#1
Hm... I was just kinda messing around and decided to write a song... I only got through the first verse, prechorus, and chorus. Lemme know what ya think so far?

A bleeding shower
knives for breakfast
It only hurts
if I let it...
Swollen fists
glassy eyes
It only hurts
when I cry...
No more pain
lack of smiles
It only hurts
for awhile...
Hope is one thing
I can't seize
It only hurts
When I breathe...

Lack of sleep
lack of touch
Lack of knowing
is all too much...
For me...
For me...
For me!

At last, you and I will bind
Integrity..
Conspiracy...
It can't take much to leave this all behind
Relegate...
Contemplate...
No recollection yet it's still in my mind
Outspoken...
Fortoken...
The one who knows all is still trying to find
The meaning of Life
#2
Wow. Not the single most powerful or upsetting song I've ever read, but I do like it a lot. I like your choice of words during the chorus. They're certainly different from what I'm used to hearing. I like the rhyme scheme during the verse, and that it never really gets too wordy.
#3
too tired to do a full crit, but here goes:

the first verse is really cliche, and after the first 8 or so lines i was tempted to close the page. but i read on and was glad.

try to stay away from "pain, knives, crying. hurt"

however behind that there were some great ideas. my favourites being
Swollen fists
glassy eyes,
lack of smiles,
Hope is one thing
I can't seize
It only hurts (dont like that line here, hurt)
When I breathe...

next bit is good, feels a bit under developed and unthought out. i like how a lakc of something can be too much.
i dont like the repeated "for me", but perhaps in the context of a song might be more bareable.


this last section is a lot better compared to the other two, the rhyme scheme here is a bit love or hate, and i love it. good vocabualry too, i wasnt excepting this after reading the previous two sections. however i dont see you being able to do this again in a second verse (guessing this is the verse). try and prove me wrong. i hope you do.

last point, your constant use of elipses annoys me. it makes me think that you are trailing out into silence after saying it. say everything.

try thinking about expanding the ones in the last section. compare with this version and see what you like better.

in conclusion, good, lots to sort out. i ouwld like to see this back on here in a few days/weeks/months with the whole thing done, thought about, and polished till it shines.

okay that was kinda a full crit. sorry.

i would do C4C but i dont have anything up here yet. just remember, you owe me.

im tired, so i apologize for the lack of grammar and maybe a few typing errors. and maybe nothing i said was coherent.

have a good night.

EDIT: i think ive been a bit too negative on this, and i dont think ive read youre piece right. think about expanding on all the points youve made. i like the last two lines how the one who knows all is still trying to find out what the meaning of life is. im wondering who is this, why are they thinking this, whats happened, ect. answer some questions that your writing leaves in its wake, but leave enough unanswered for it to be thought about, for example dont say the conclusion this person (God?) comes to. but i tihnk you sorted that with the title of your piece.
Last edited by ginjaninja at Oct 25, 2008,
#4
really good id recommend that the repeated "for me" could be lowered just to one where you say for meeeeeeee (just sing the me part long) my English isn't that good but i think you will understand what i just said
#5
don't listen to ginjaninja
he wrote a very long review and it sucks

this is a great song
your use of rhyme is very well used
this is the kind of song that i would listen to

it could use a little more length but don't change any of the lyrics you already hae
#6
Actually, Ginjaninja had some valid points... thanks for the crit all of you, it's greatly appriciated... I'll do c4c when I get a chance
#8
It's hard to add more than ginjaninja.
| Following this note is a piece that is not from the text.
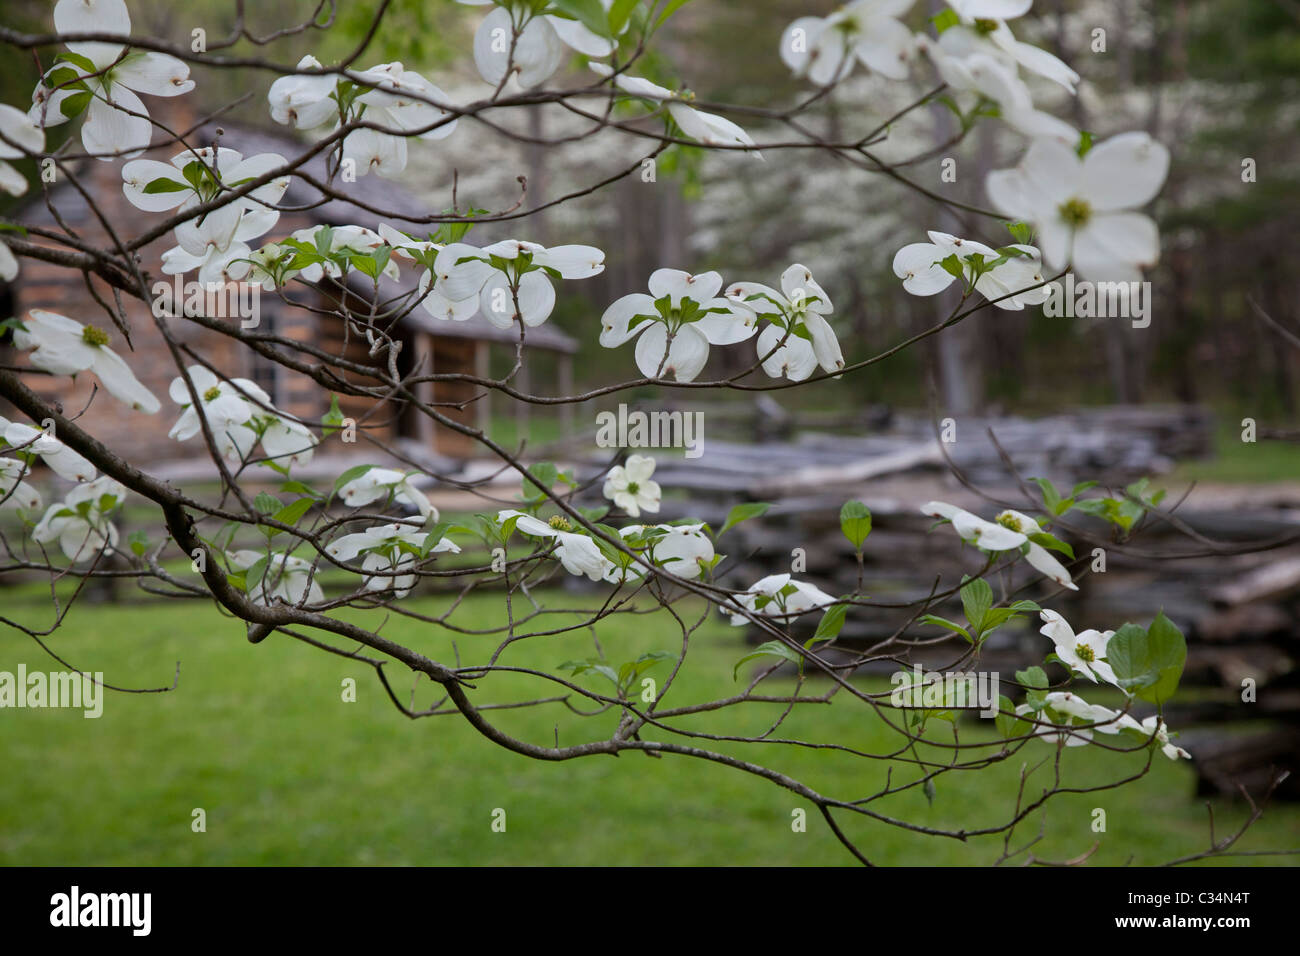 Great Smoky Mountains National Park, Tennessee - Dogwood blooming at the John Oliver Place in Cades Cove. Stock Photo

I mostly agree with his crit. I have a problem with
"Outspoken...Fortoken..." as it seems forced.
#9
I can see how this seems forced, but what do you suggest I replace it with? I tried playing around with it a little but without completely altering the song, I can't find something that would fit.
#10
Well I liked a few parts of the first verse, and some parts like "pain, knives, bleeding" I really didn't like and seemed really clichéd. The second part I liked, but the repetition of "For Me" is something of interested. If you can pull it off with awesome vocals (When I read it it reminded me of Bohemian Rhapsody, if you know the part) but if not it could sound forced and out of place.

The last section was again good, and with the rhyming scheme I think the same applies as before, the vocals will either make or break it.

Overall, good job.
New To Town With A Made Up Name

In The Angel's City

Chasing Fortune And Fame
09/03/2012
#11
Thanks everyone for your crit. A lot of you said that pain/knives/bleeding are all cliche, and I'm trying to find ways to replace those. So thanks! And also, SurviveTheCrash, get a life perhaps? Thanks.